Naturally, many problems still remain. First, training is harder: these models require specialized techniques such as energy-based learning, curriculum training, or diffusion objectives, which are harder to use and not as well understood as standard cross-entropy. Second, what about human interaction: how do you prompt a model that thinks in latent vectors? Text prompts work because we share the token space with the model. Latent space prompting is uncharted territory.

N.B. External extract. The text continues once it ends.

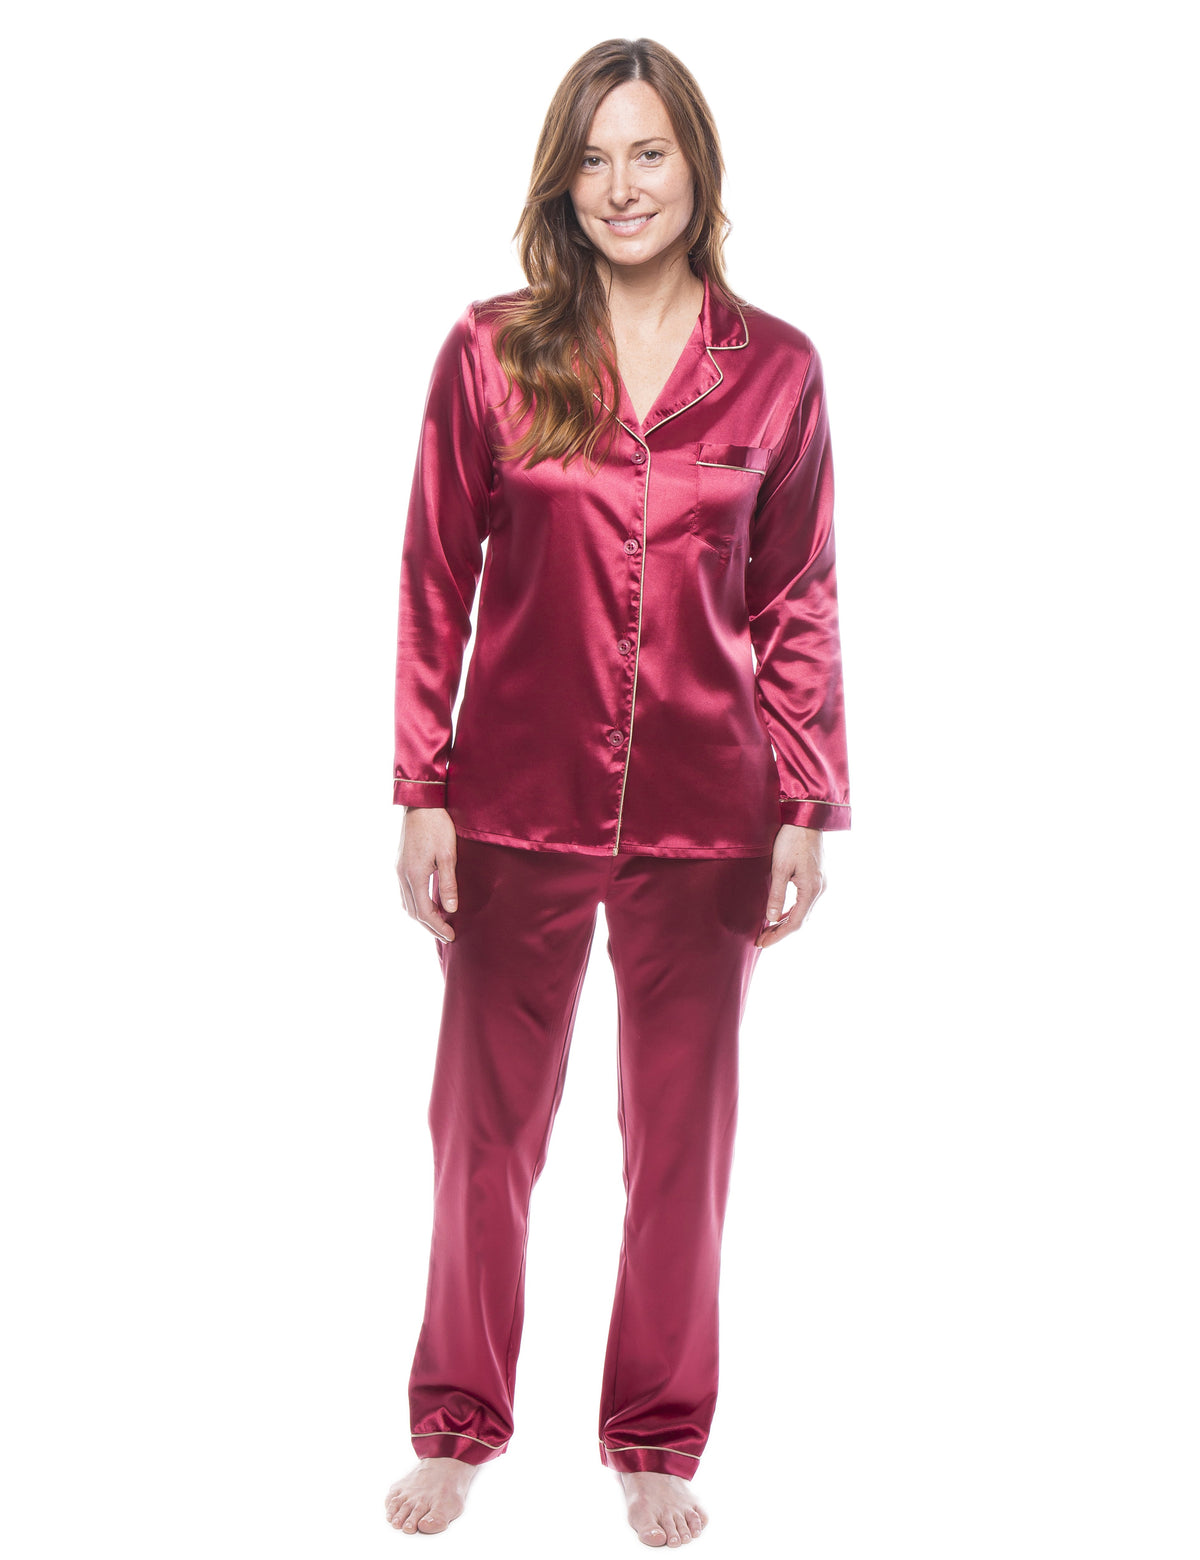 Women's Satin Pajama/Sleepwear Set - Burgundy

But the potential upside is also quite significant. The token-by-token paradigm has dominated NLP for years because it worked. But we are finally at a point where we can credibly challenge it: high-quality embedding spaces already exist, autoencoders can compress with minimal loss, and training techniques that can handle continuous distributions have been developed for a while now.
We are not replacing token-level models overnight; they will remain dominant for a while, and hybrid approaches are likely. But it is a possible path forward: language models are learning to think in larger units, to reason without verbalizing every step, and to operate in continuous semantic spaces that might more closely resemble how humans actually process meaning. Just please, beware the safety warnings.